Attorney General-designate, Sen. Jeff Sessions, R-Ala. testifies on Capitol Hill in Washington.
Attorney General-designate, Sen. Jeff Sessions, R-Ala. testifies on Capitol Hill in Washington.

The U.S. Senate is expected to vote Wednesday evening to approve Senator Jeff Sessions as the nation's new attorney general.

Republicans control the chamber and need only a simple majority in order to confirm President Donald Trump's appointee.

Sessions has faced sharp opposition from Democrats who question his record on immigration and civil rights, and who have suggested he is too close to Trump to put the rule of law ahead of politics.

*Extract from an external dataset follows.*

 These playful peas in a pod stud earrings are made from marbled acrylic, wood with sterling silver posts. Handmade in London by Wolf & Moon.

Republicans however defend Sessions, saying his long Senate career has shown his integrity.

Confirmation delayed

The confirmation vote has been delayed as Democrats use Senate rules to stretch out the time they have to speak on the floor about Sessions.

During his confirmation hearing before the Senate Judiciary Committee, Democrats invoked a little-used rule to delay a vote there by a day.

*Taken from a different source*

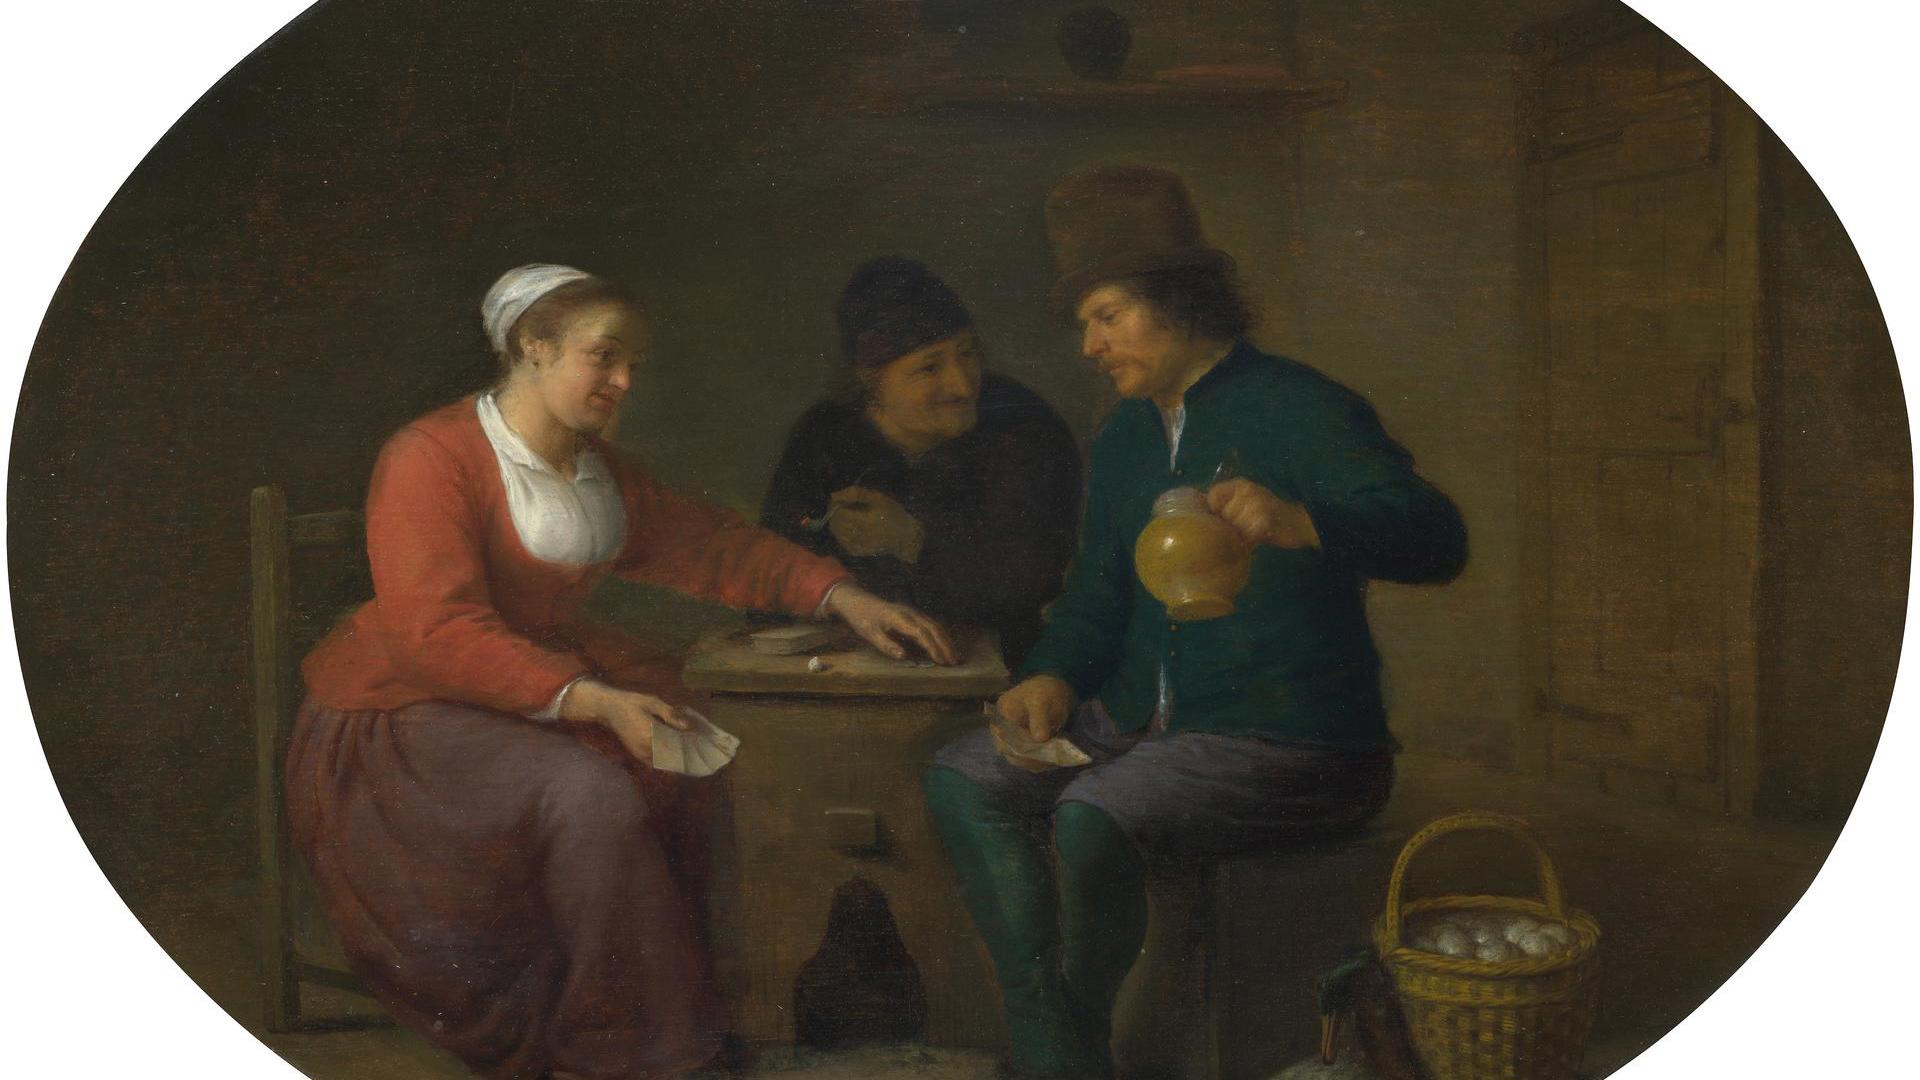 A Woman playing Cards with Two Peasants by Hendrick Sorgh

Republican lawmakers and Trump have complained that Democrats are unfairly delaying the confirmation process for the president's Cabinet. Democrats have countered that they need to fully examine the nominees, some of whom they say were slow to file information needed for ethics reviews.

Sen. Elizabeth Warren, D-Mass. reacts to being rebuked by the Senate leadership and accused of impugning a fellow senator, Attorney General-designate, Sen. Jeff Sessions, R-Ala.,Feb. 8, 2017, on Capitol Hill in Washington.
Sen. Elizabeth Warren, D-Mass. reacts to being rebuked by the Senate leadership and accused of impugning a fellow senator, Attorney General-designate, Sen. Jeff Sessions, R-Ala.,Feb. 8, 2017, on Capitol Hill in Washington.

Warren rebuked

The extended debate on Sessions that began Tuesday and stretched into Wednesday was highlighted by a rebuke of Democratic Senator Elizabeth Warren by Republicans.

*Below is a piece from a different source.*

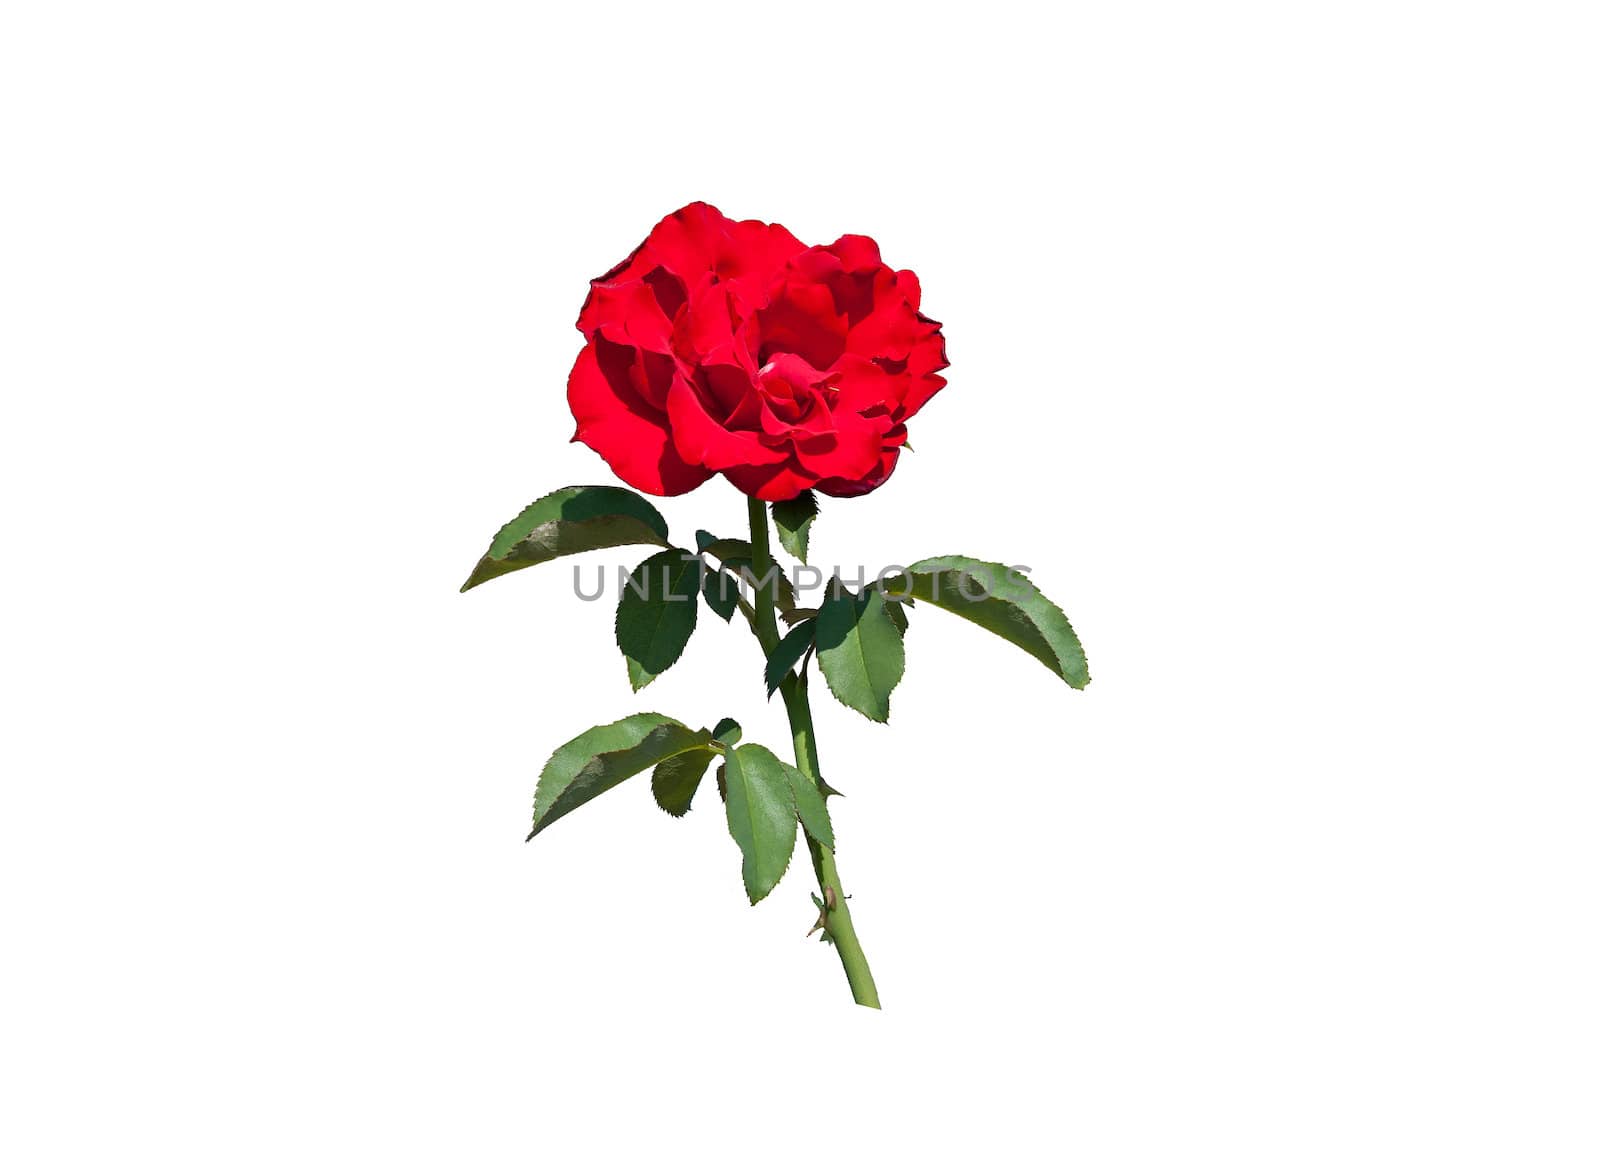 A solitary red rose is isolated on white background.

She was reading a letter written by Coretta Scott King, the widow of assassinated civil rights icon Martin Luther King Jr. The letter was sent to the Senate Judiciary Committee in 1986 when Sessions was nominated for a federal judge seat.

Senate Majority Leader Mitch McConnell said Warren violated Senate rules by "impugning" Sessions, and she was barred from speaking further.

Warren responded by posting a Facebook video from outside the Senate floor that featured her reading the letter, which features King expressing "strong opposition" to having Sessions serve as a judge in Alabama. King said Sessions, then a federal prosecutor, worked against black citizens using their right to vote, and that "politically-motivated fraud prosecutions" and "indifference toward criminal violations of civil rights laws" showed he did not have the qualities to be a judge.

During his confirmation hearing, Sessions responded to allegations of racism by saying they were "damnably false."

The video had been viewed by 3.8 million people and shared 91,000 times in the first eight hours after it was posted.